I have so many fond memories of them and with them. We went on hikes, tended their garden in their little mountain house, and hunted for fossils. I still laugh today when I think back to how my grandmother would complain whenever she would call to table, that my grandfather disappeared to the bathroom for 5 minutes. “Günther, you knew I was cooking; you could have gone sooner!” she would grumble each and every time without fail. And he would keep going to the bathroom every time. It was their thing.

In hindsight, they were affectionate to each other, even in old age. There was always a good morning kiss before they ate breakfast, and at odd moments during the day, they held hands when walking, and had their cute little insider moments with each other. I guess growing up I just thought that was normal.

Recording of the travelled kilometers in a journal


The images

When I decided to write this blog, I knew I would need some pictures to go along with it. I was ruminating as to how to take them. I wanted to, not only, evoke the moment when I was perusing, whiskey at hand, but also bring a little nostalgia into the photos too.

Why not shoot it with an old camera, I thought. Old memories from the old days with photos shot on a camera that was also old. Maybe not exactly from way back when my grandparents got married but at least similarly reminiscent.

All the pictures in this blog were taken with my trusty old Hasselblad 500 CM and Carl Zeiss Planar T* 80mm F/2.8 lens.
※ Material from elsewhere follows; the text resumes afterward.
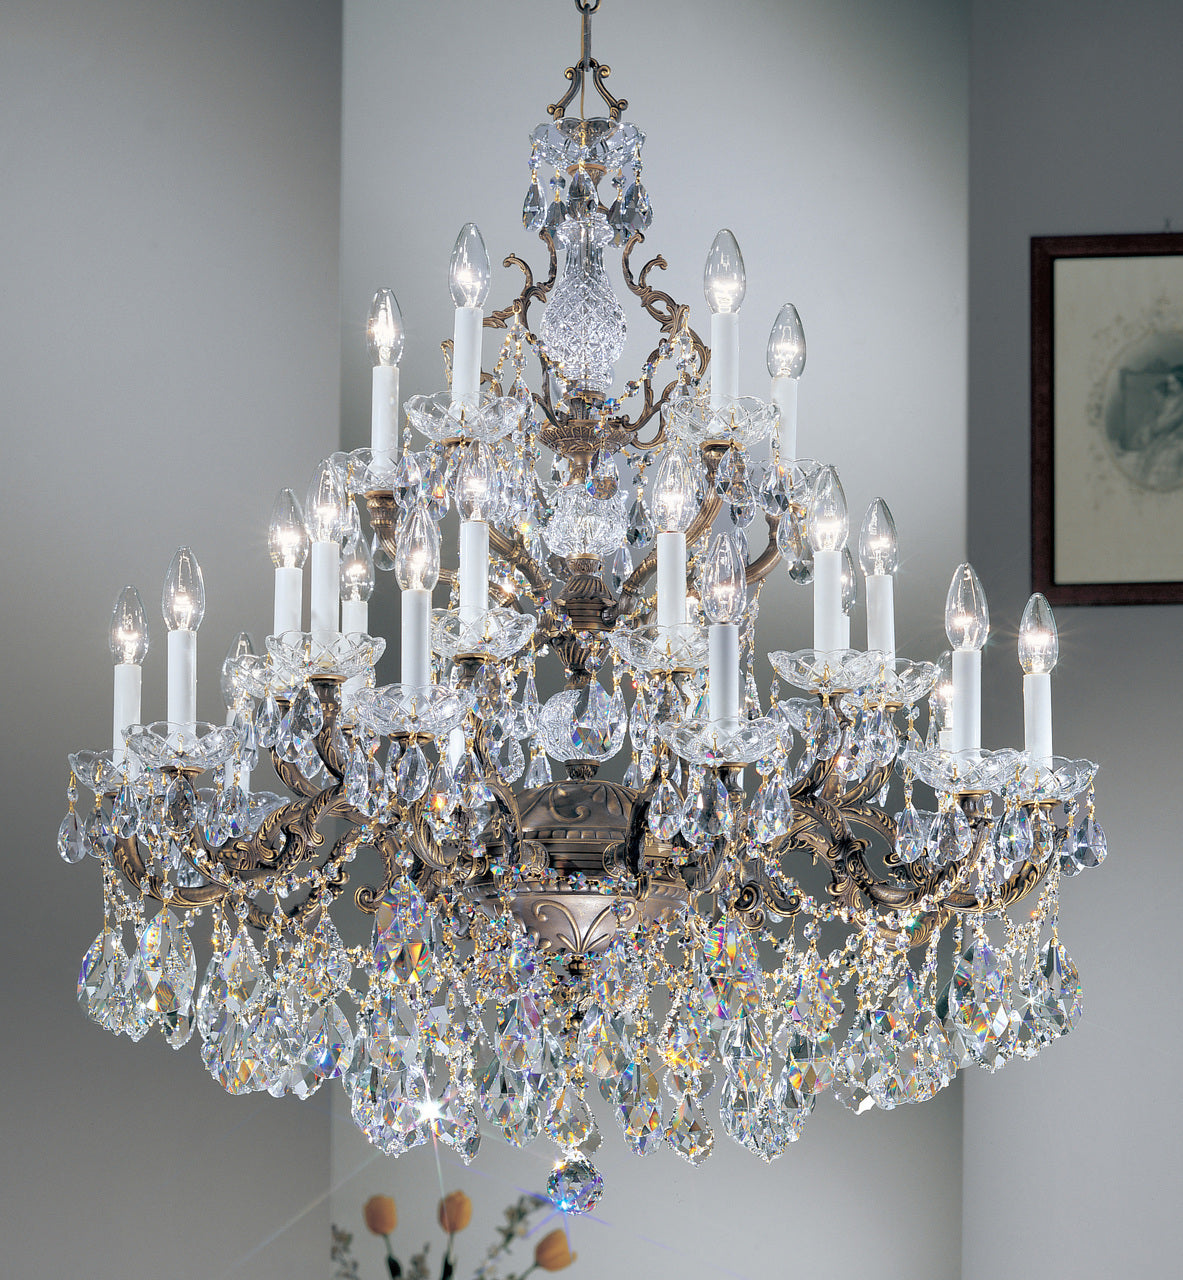 Classic Lighting 5545 OWB SC Madrid Imperial Crystal/Cast Brass Chandelier in Olde World Bronze (Imported from Spain)
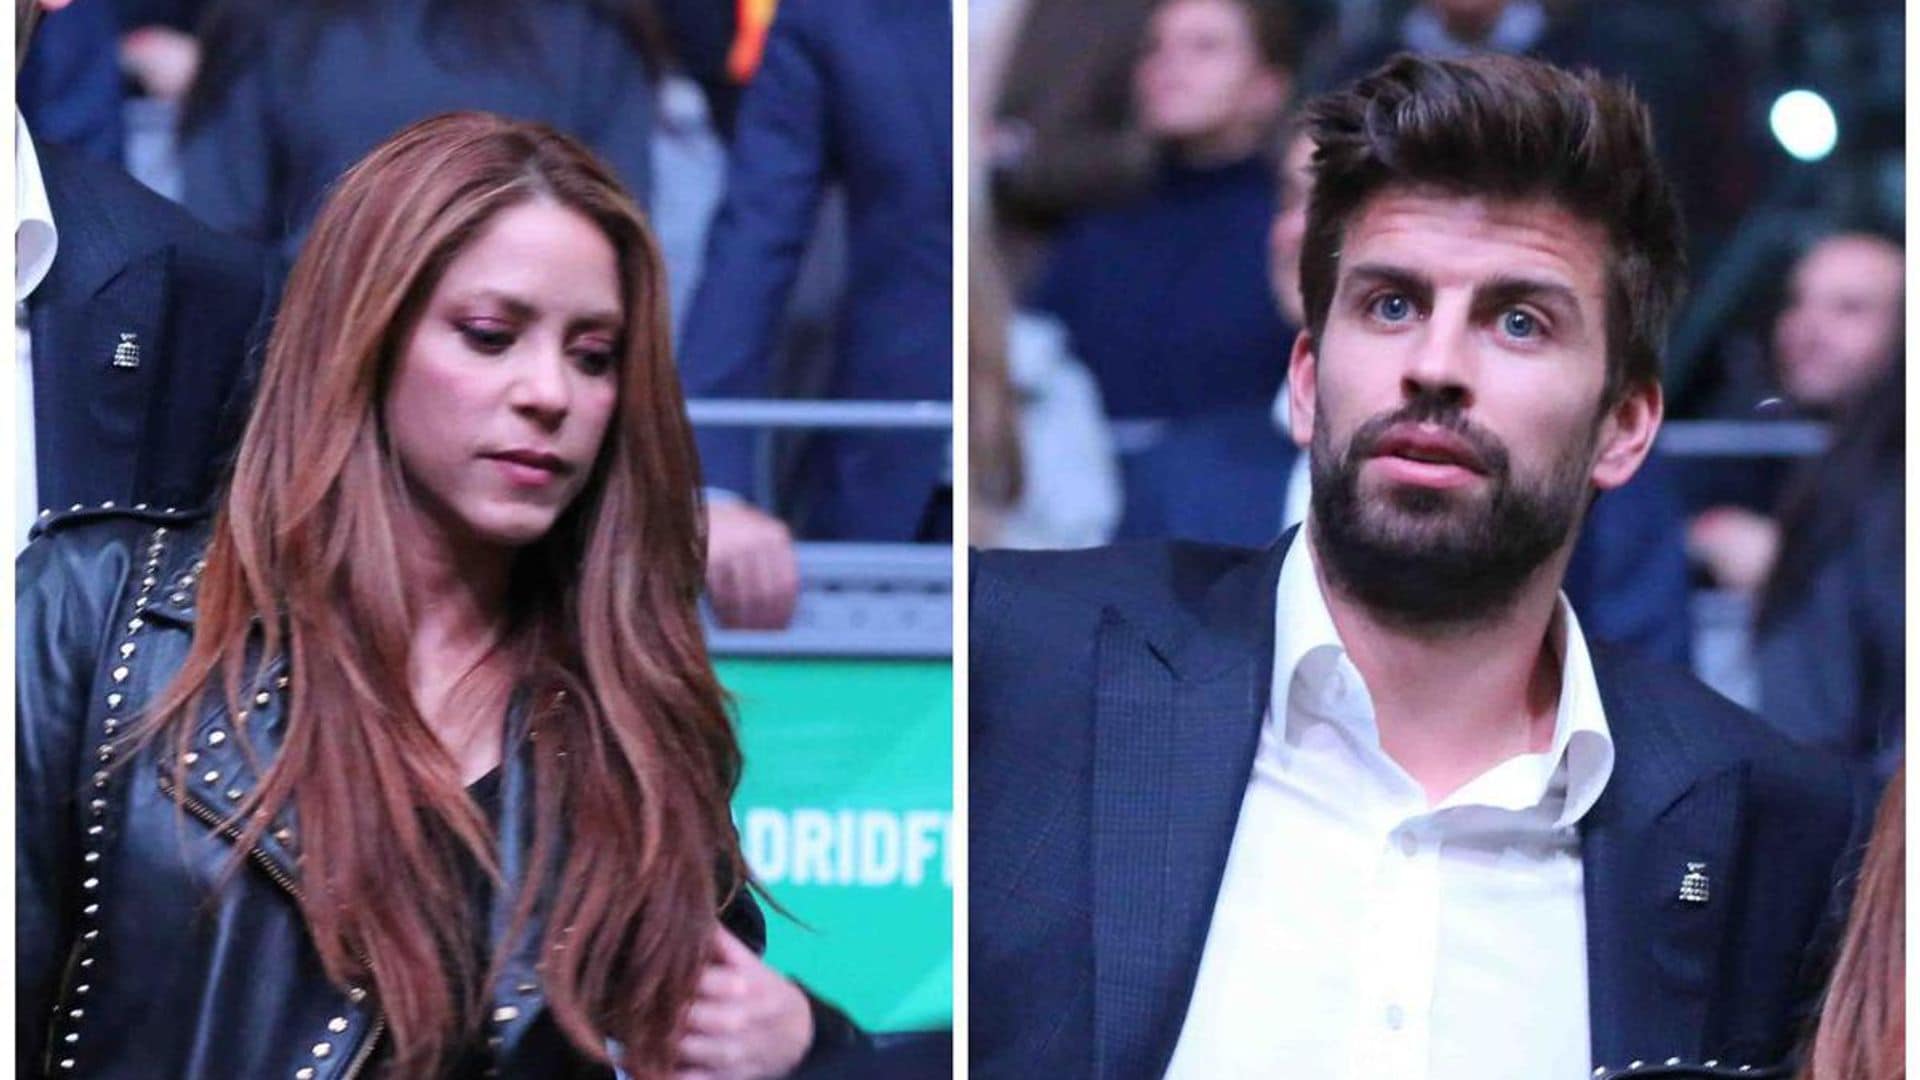 Shakira and Piqué will reportedly sell their Barcelona properties

You will have to forgive me for using my wife as a model for the shots instead of these being self-portraits.

 

Honeymoon journal

I am so happy this journal-slash-collage-slash-scrapbook-slash-photo album survived and that I can reminisce about it. Sure, I only have a copy of it, courtesy of my own father’s foresight to make high-quality copies for the grandchildren, as the original is with my mother’s sister.

This couple, staring out of the pages of this, let’s call it, journal, that I grew up to know, over 23 years after they got married, were exactly everything that they looked like in this recollection of their honeymoon. The love, the humor, the adventurous spirit so nicely and very eloquently laid down in these pages, is every bit of what they were like so many years later when I was spending time with them.

 

I was ever so fortunate to have had these two amazing souls as my grandparents, and I cherish every moment I was able to spend with them dearly.